Former US ambassador charged with spying for Cuba
A former U.S. diplomat is accused of conducting a more than 40-year secretive campaign to spy on behalf of the Cuban government.
The Department of Justice (DOJ) said Monday it was charging Victor Manuel Rocha, 73, of working as a covert agent with Cuba’s General Directorate of Intelligence since at least 1981 — the year he was hired to work in the State Department.
Rocha, who served in multiple federal roles including as U.S. ambassador to Bolivia from 2000 to 2002, is accused of using access to classified information and foreign policy influence to benefit Cuba, including traveling outside of the U.S. to meet with Cuban representatives.
Attorney General Merrick Garland said Rocha’s mission was “one of the highest-reaching and longest-lasting infiltrations of the United States government by a foreign agent.”
“Those who have the privilege of serving in the government of the United States are given an enormous amount of trust by the public we serve,” Garland said in a statement. “To betray that trust by falsely pledging loyalty to the United States while serving a foreign power is a crime that will be met with the full force of the Justice Department.”
Rocha faces counts of conspiring to act as an agent of a foreign government, acting as an agent of a foreign government and using a passport obtained by false statement, according to the DOJ. He was arrested Friday in Miami and made an initial court appearance in Florida on Monday.
It wasn’t immediately clear if Rocha had obtained a lawyer.
The DOJ said Rocha allegedly revealed Cuban ties during a series of meetings with an undercover FBI agent in 2022 and 2023.
In the meetings, Rocha allegedly called the U.S. the “enemy,” praised Cuba and the late Cuban President Fidel Castro and referred to his decades of alleged covert work as “more than a grand slam” while acknowledging the work was “not easy,” according to the DOJ complaint.

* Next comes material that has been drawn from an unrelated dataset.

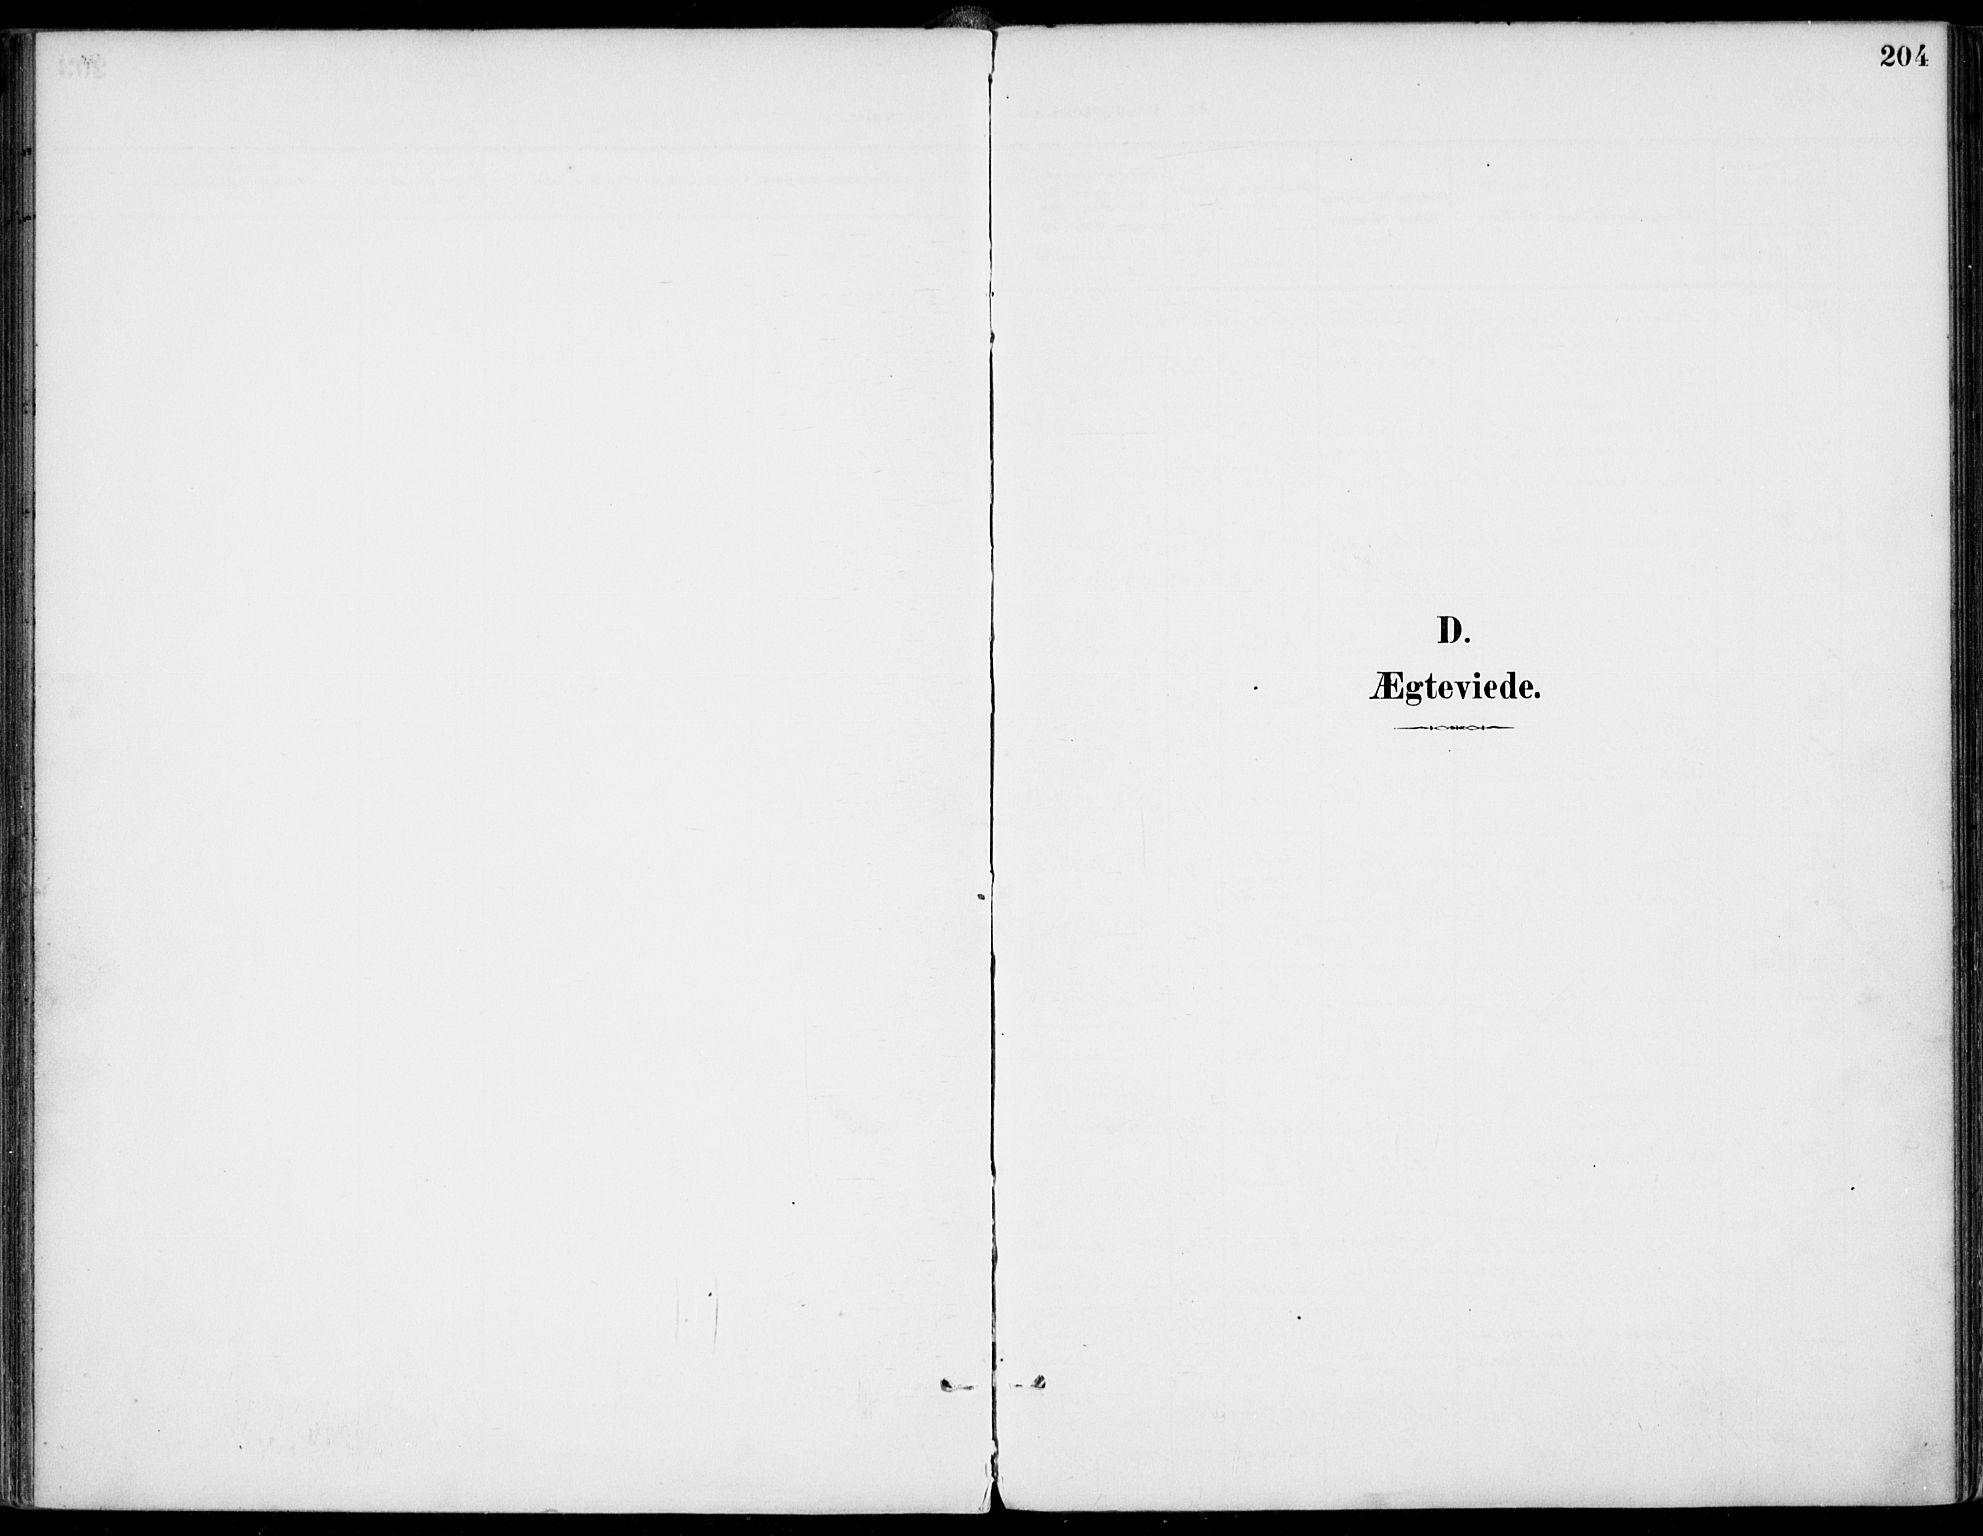 SAKO, Gjerpen kirkebøker, F/Fa/L0011: Ministerialbok nr. 11, 1896-1904, s. 204

Rocha also allegedly said at another meeting with the undercover agent that his work “strengthened the revolution” of his country, according to the complaint.
Cuba and the U.S. have had a strained relationship since the Cuban communist party seized power in 1959.
Rocha is from Colombia and became a lawful permanent resident after obtaining U.S. citizenship in 1978, according to the DOJ complaint.
During his time in the State Department, Rocha served in various countries in North America, South America and Central America, including Honduras, Mexico, Argentina and the Dominican Republic.
He also served with the National Security Council from 1994 to 1995 and as an advisor to the commander of the U.S. Southern Command, which has a jurisdiction covering Cuba, from 2006 to 2012, according to the DOJ.